Примите уверения и прочая…
(Белла Ахмадулина. Сны о Грузии. Тбилиси, 1977. С. 523–524)Не совсем было ясно, от чьего имени написано это дышащее презрительной иронией послание. Тот факт, что автор говорит о себе в мужском роде, заставлял предположить, что пишет все это не поэтесса Белла Ахмадулина, а какой-то ее герой. С другой стороны, стихотворение, которое автор письма вроде признает своим, было написано не безымянным героем поэтессы, а ею самой. Таким образом, кто является автором этого письма, — вернее, кого надлежит считать его автором, — не вполне ясно. Но кто такой этот самый «критик Б. С.», к которому послание обращено, сомнений не вызывало.
Итак, я получил «короткий вызов, иль картель», сочиненный по всем правилам дуэльного кодекса.

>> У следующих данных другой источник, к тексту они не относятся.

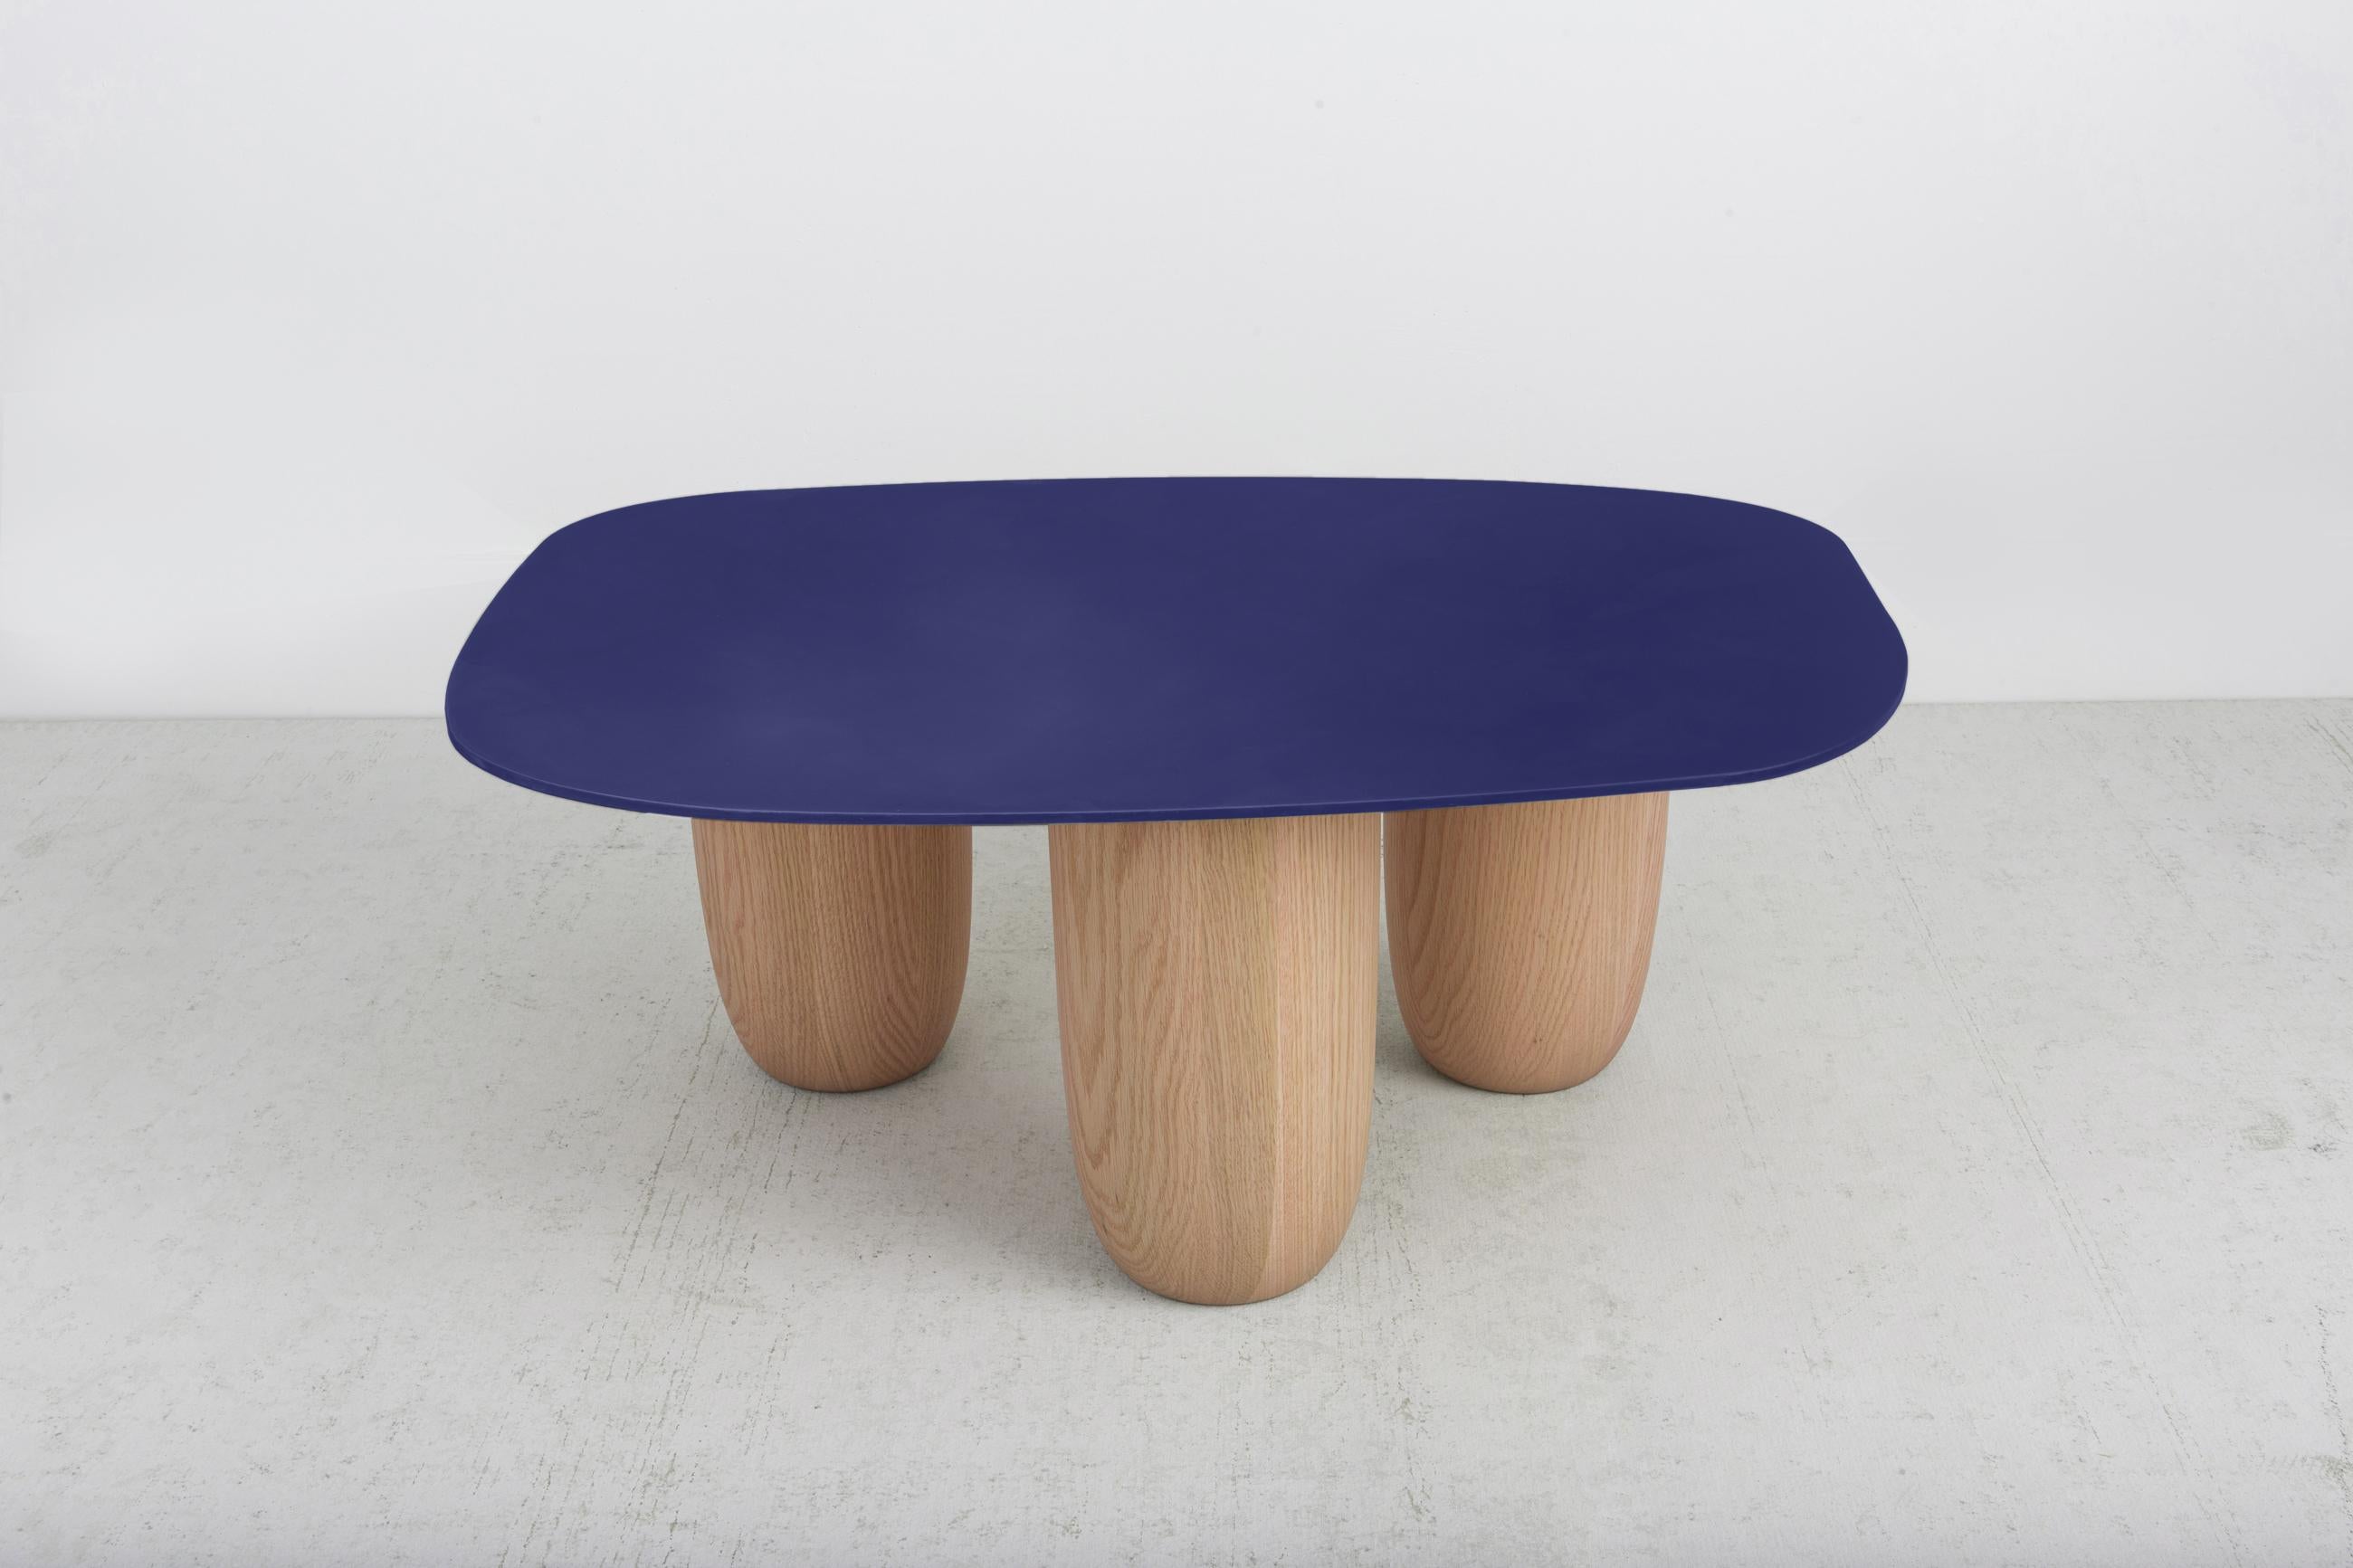 Our contemporary low Sumo tables in steel and solid oak are now offered in various finishes. The original Sumo tables were introduced at Design Miami 2020. This design was influenced by Japanese minimalist aesthetics and very much inspired by the

Дуэль, как вы понимаете, не состоялась. В книге («Бремя таланта» М., 1987), куда ту давнюю свою статью об Ахмадулиной — и даже в несколько расширенном виде — я все-таки включил, я сделал несколько неуклюжую попытку извиниться перед оскорбленной мною поэтессой. Написал, что не только в «злодейском сочувствии убийцам поэта», но даже в постыдном равнодушии к его гибели ее не подозревал. Объявлял инцидент чистейшим недоразумением, вину за которое брал целиком на себя: я, мол, наверно, крайне сбивчиво и невнятно выразил суть своих претензий. Надо было прямо написать, что я ничуть не сомневался, что ей, конечно же, жалко Лермонтова. А хотел я, мол, сказать всего лишь, что данное, конкретное стихотворение, данные, конкретные его строки родились не из острого, внезапно пронзившего душу автора стихотворения чувства жалости к безвременно погибшему гению, а из каких-то других ее чувств и душевных движений, если таковые имели место.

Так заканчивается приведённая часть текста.